When Marshall and Bony sat down to dinner the day had passed.

  “I do wish the doctor would let me see Rose Marie,” Mrs Marshall said wistfully.

  “Well, he said you couldn’t,” growled her husband.

  “Perhaps he might if I asked him,” Bony added. “I would ask him if you promise not to stay long … both of you.”

  “There you go—always backing her up,” complained the sergeant.

  “Well, wouldn’t you like to see Rose Marie?”

  “Of course. But the doctor said no, and he meant it by the way he said it.”
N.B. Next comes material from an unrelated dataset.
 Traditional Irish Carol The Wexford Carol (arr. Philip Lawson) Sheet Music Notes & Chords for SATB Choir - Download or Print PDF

  “When people say no, I always get the itch to make them say yes,” Bony told him, looking him straight in the eyes. “I exert myself especially when my wife says no, and most especi­ally when my chief commissioner says no. And no man in all the world says no more emphatically than does Colonel Spendor.”

  It was nine o’clock when Bony rang Dr Scott.

  “How is Rose Marie?” he asked.

  “Still sleeping beautifully.”

  “Good! Marshall and his wife would like to take a peep at her before they retire for the night.”

  “No. Won’t have it.”

  “They promise just to creep in and look at her.”

  “Damn it, Inspector, didn’t I say no?”

  “Yes, something like that,” Bony agreed. “But what about cutting out the ‘Inspector’ and calling me Bony? All my pals do.”

  “Well, I’ve no objection. What about coming along and telling me the story? I’m all on fire to hear it.”

  “No. Won’t have it,” Bony shouted. “I’m leaving tomorrow too.”

  “Well, you said you would,” argued Scott.

  “No. Won’t have it,” repeated Bony.

  “Oh, all right! You win. Tell the Marshalls to come along within half an hour. You come with ’em and give the yarn about old Jason.”

  “That’s better,” Bony murmured. “I will see you tomorrow morning without fail. Got work still to do. Good night!”

  “Will he let us?” asked Mrs Marshall from the doorway.